• **Task instructions**: Your answer must be the full listing, reproduced exactly, minus any pictures.

• **The data**:
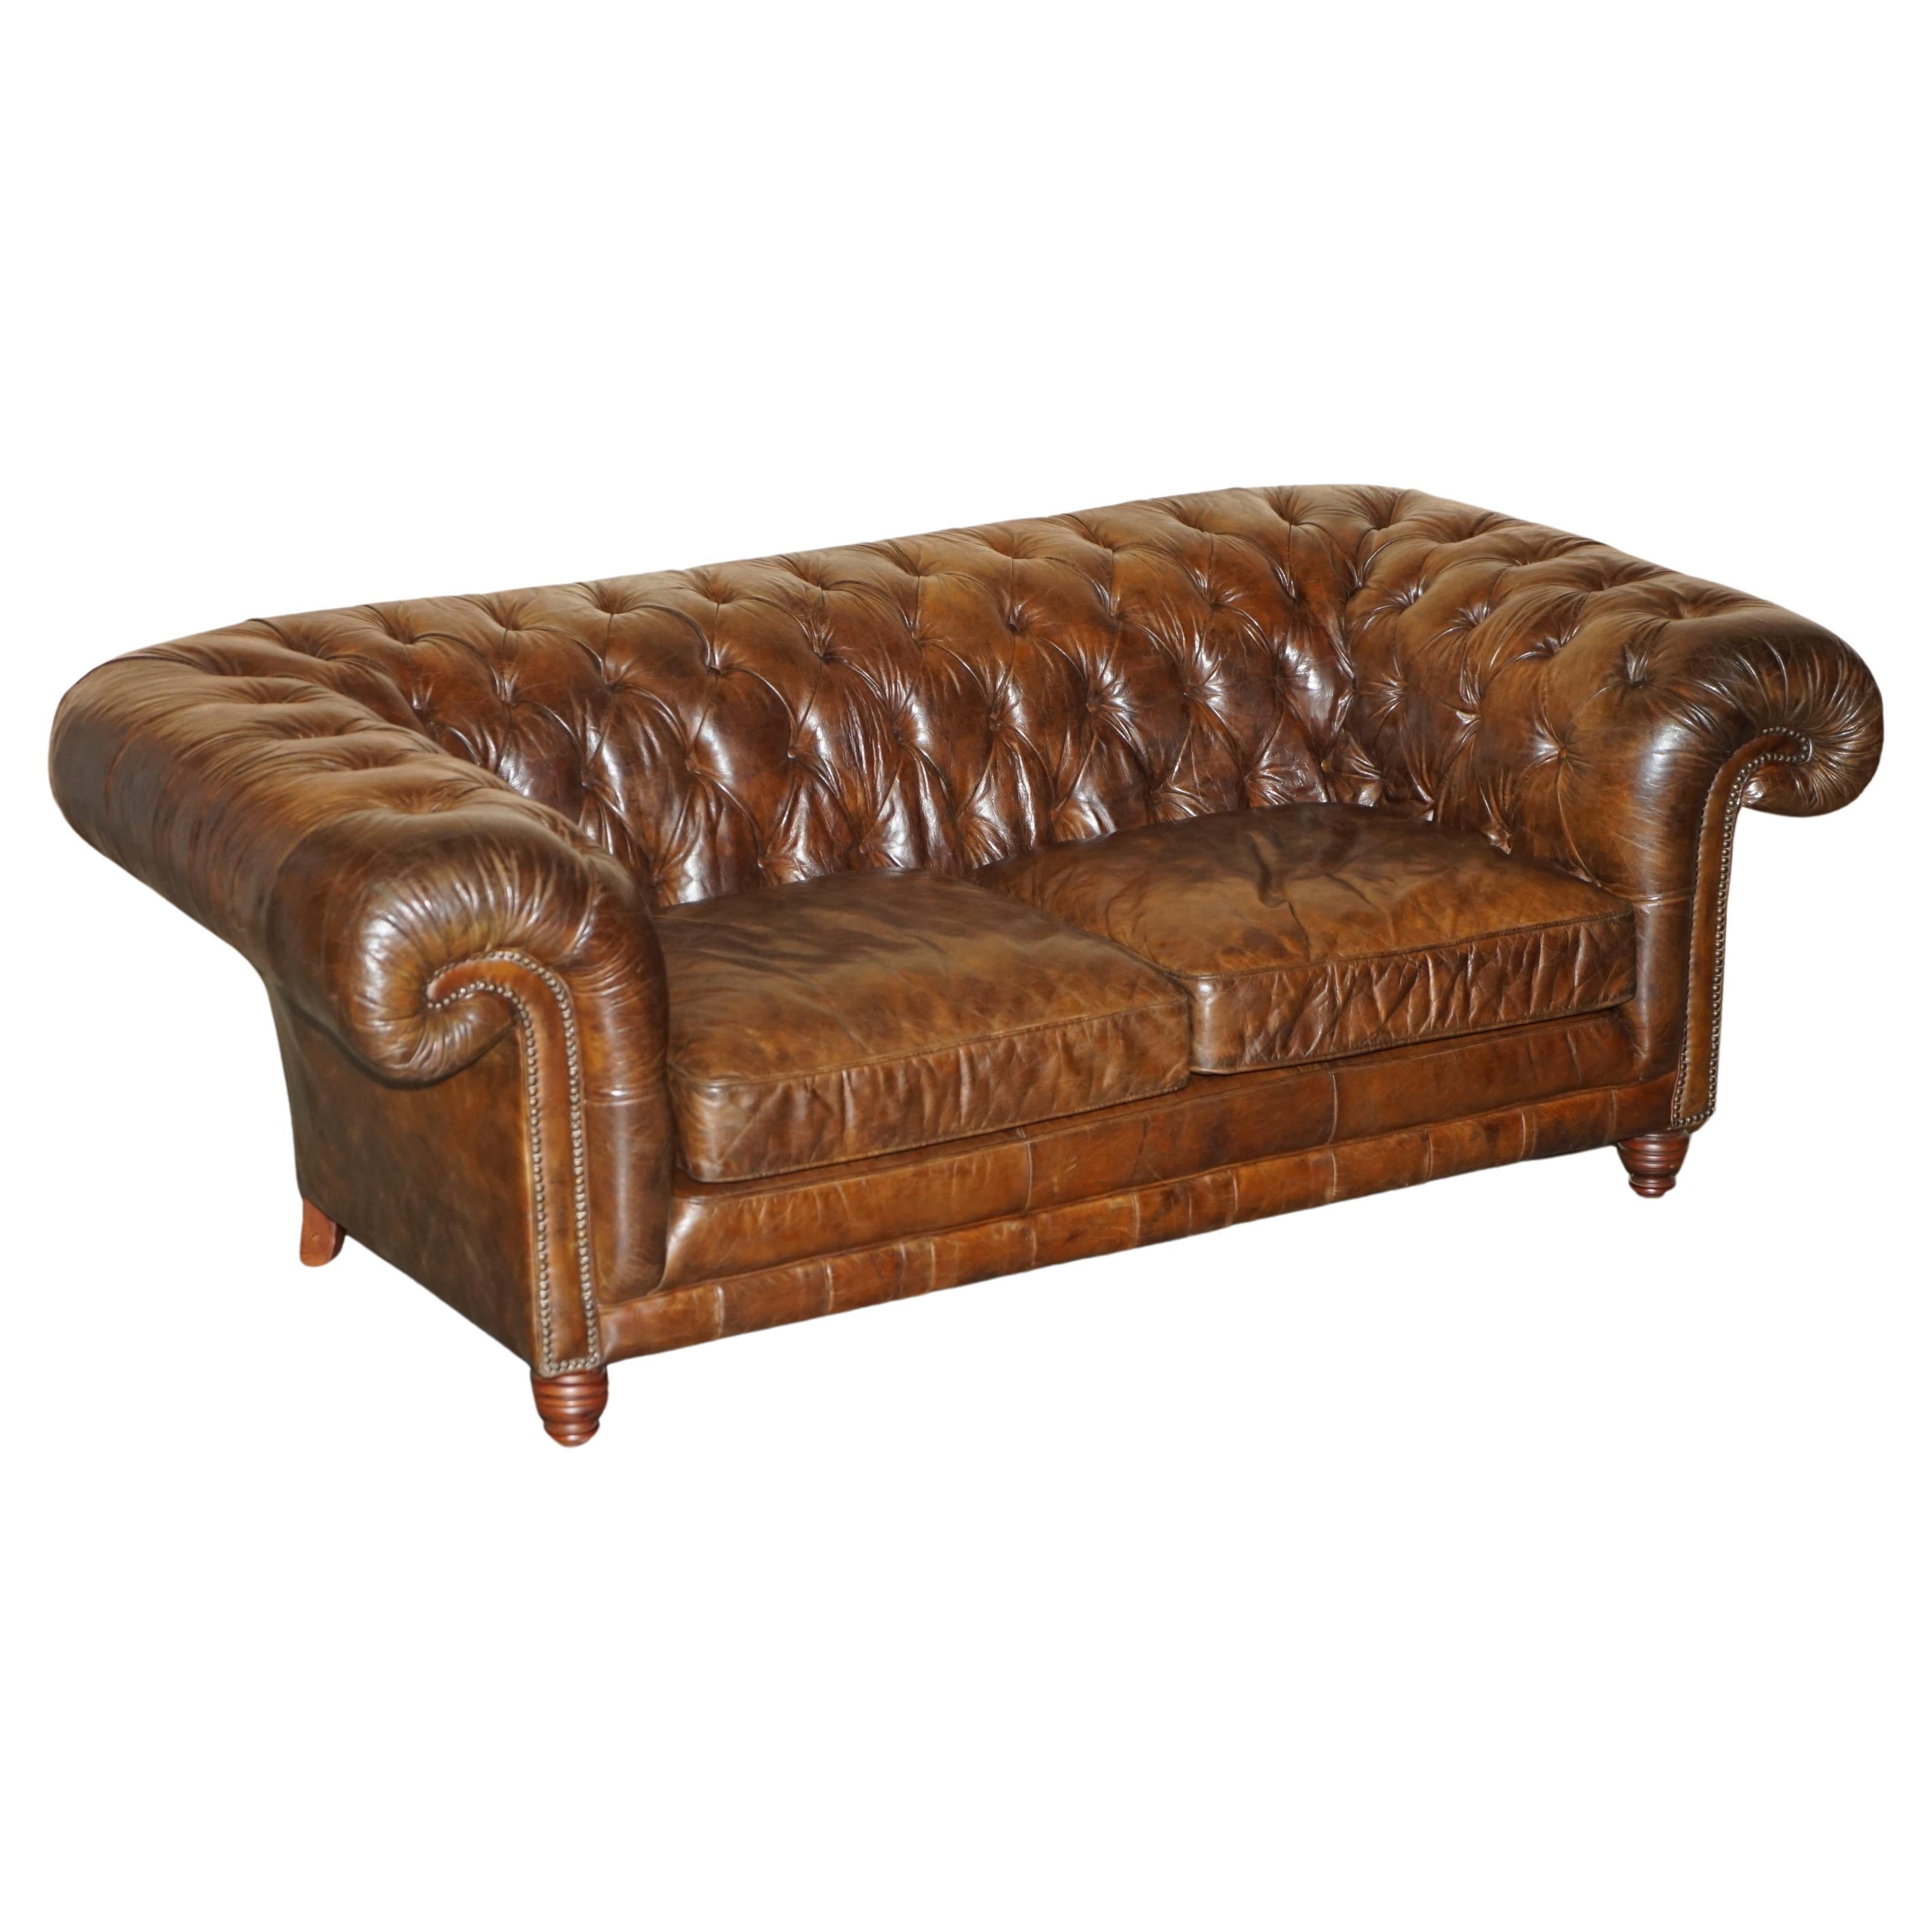 1 OF 2 TIMOTHY OULTON HERiTAGE BROWN VINTAGE LEATHER CHESTERFIELD HALO SOFAS For Sale
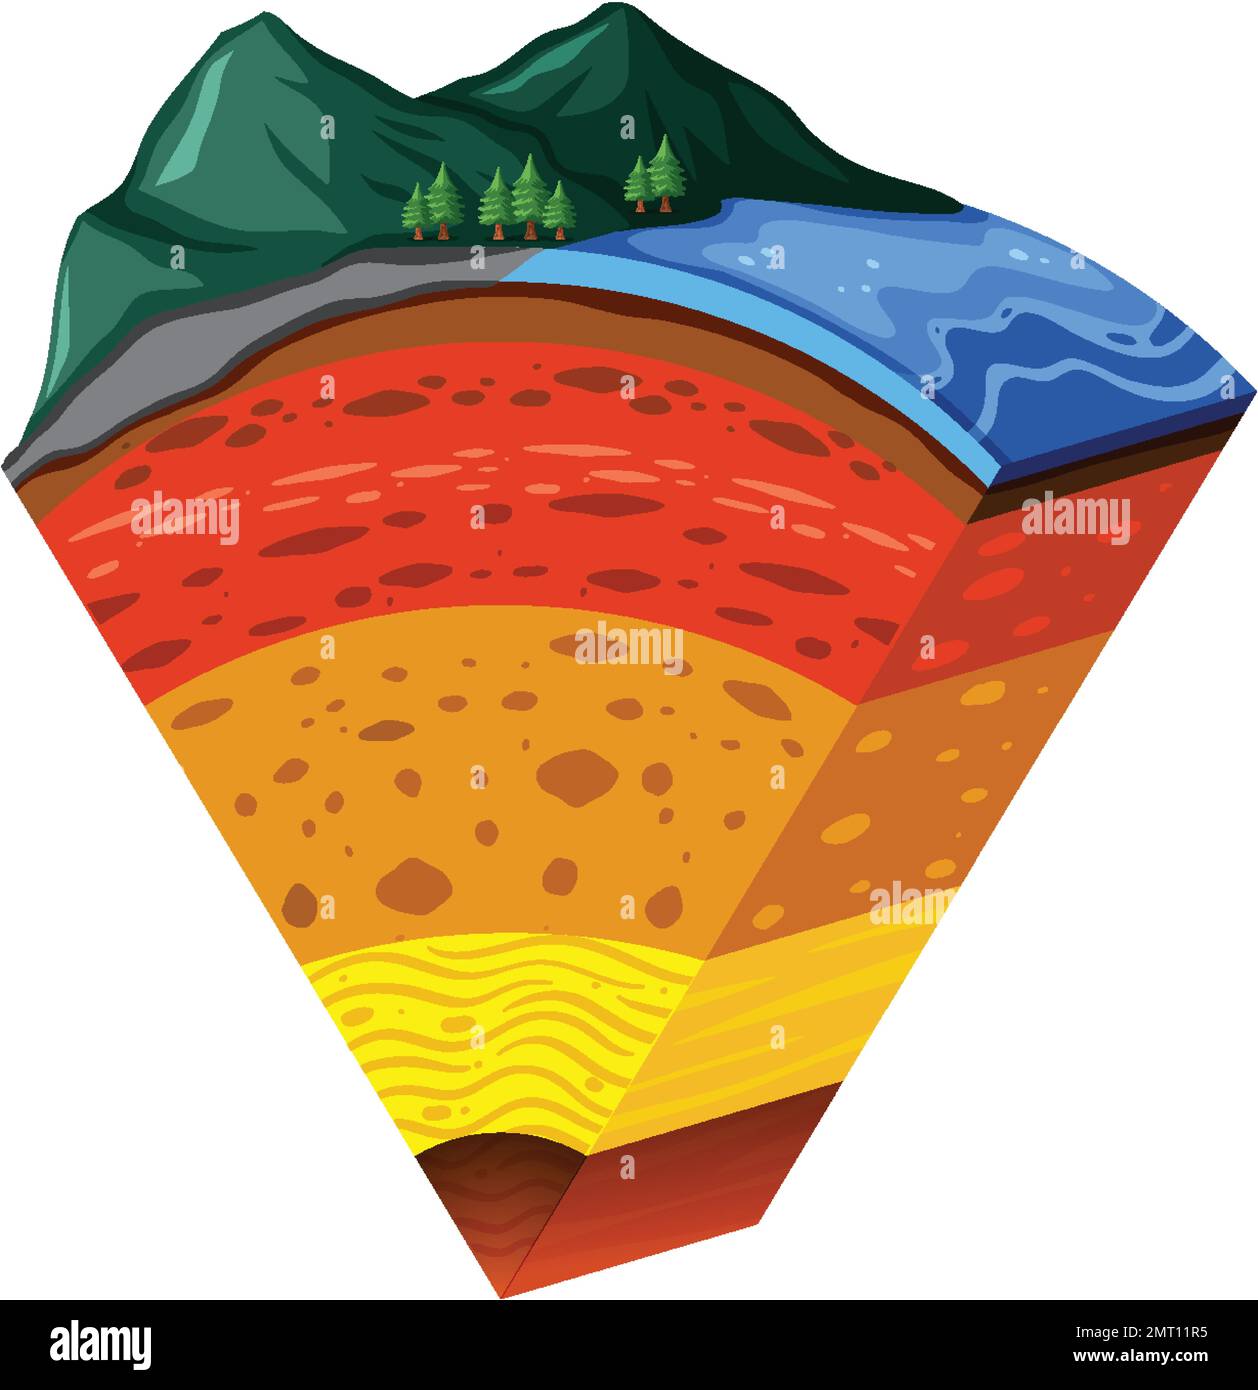 Layers of the Earth Lithosphere illustration Stock Vector
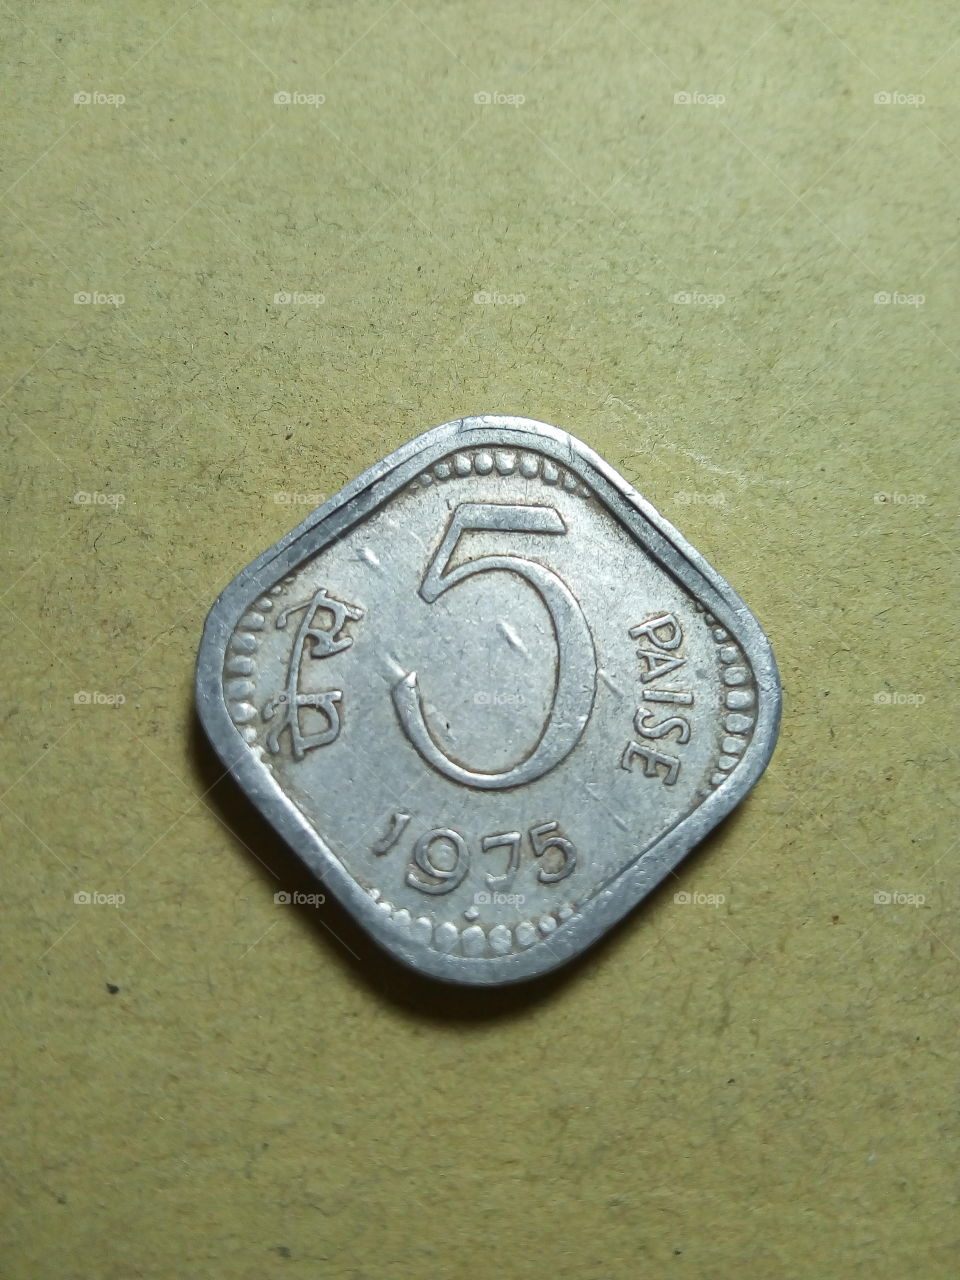 A coin of five paise- 1/20 share of Indian Rupee issued by Government of India in 1975.

• **Written reply**:
 1 OF 2 TIMOTHY OULTON HERiTAGE BROWN VINTAGE LEATHER CHESTERFIELD HALO SOFAS For Sale
 Layers of the Earth Lithosphere illustration Stock Vector
 A coin of five paise- 1/20 share of Indian Rupee issued by Government of India in 1975.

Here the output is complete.